What the exercise asks ::
Please copy exactly every line from the one that contains "These data pertain" to the end of the data below, with both ends included and no other lines.

Stored data
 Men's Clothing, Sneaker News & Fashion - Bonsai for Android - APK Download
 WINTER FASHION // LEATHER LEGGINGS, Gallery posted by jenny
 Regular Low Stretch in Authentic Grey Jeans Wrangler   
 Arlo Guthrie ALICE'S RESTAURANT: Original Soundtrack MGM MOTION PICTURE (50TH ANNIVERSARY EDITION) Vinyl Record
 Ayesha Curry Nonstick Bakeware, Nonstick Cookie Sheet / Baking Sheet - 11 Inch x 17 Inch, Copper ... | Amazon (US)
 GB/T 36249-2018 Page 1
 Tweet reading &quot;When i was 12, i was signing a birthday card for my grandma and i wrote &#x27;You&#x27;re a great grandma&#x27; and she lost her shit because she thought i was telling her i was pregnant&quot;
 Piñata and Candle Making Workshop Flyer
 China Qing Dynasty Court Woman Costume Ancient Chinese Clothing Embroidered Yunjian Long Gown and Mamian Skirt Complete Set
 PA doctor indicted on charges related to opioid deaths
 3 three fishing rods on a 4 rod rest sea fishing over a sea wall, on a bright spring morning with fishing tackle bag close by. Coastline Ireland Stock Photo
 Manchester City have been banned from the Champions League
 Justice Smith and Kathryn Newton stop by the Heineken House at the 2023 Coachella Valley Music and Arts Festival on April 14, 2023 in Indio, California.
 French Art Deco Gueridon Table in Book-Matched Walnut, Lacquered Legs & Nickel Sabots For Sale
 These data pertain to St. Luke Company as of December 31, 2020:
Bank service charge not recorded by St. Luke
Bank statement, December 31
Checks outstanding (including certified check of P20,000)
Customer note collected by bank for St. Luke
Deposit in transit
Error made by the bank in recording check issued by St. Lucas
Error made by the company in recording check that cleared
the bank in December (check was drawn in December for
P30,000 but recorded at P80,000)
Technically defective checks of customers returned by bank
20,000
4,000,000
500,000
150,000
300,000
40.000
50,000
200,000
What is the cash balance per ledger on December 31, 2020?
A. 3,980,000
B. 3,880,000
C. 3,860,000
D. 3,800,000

Your response ::
 These data pertain to St. Luke Company as of December 31, 2020:
Bank service charge not recorded by St. Luke
Bank statement, December 31
Checks outstanding (including certified check of P20,000)
Customer note collected by bank for St. Luke
Deposit in transit
Error made by the bank in recording check issued by St. Lucas
Error made by the company in recording check that cleared
the bank in December (check was drawn in December for
P30,000 but recorded at P80,000)
Technically defective checks of customers returned by bank
20,000
4,000,000
500,000
150,000
300,000
40.000
50,000
200,000
What is the cash balance per ledger on December 31, 2020?
A. 3,980,000
B. 3,880,000
C. 3,860,000
D. 3,800,000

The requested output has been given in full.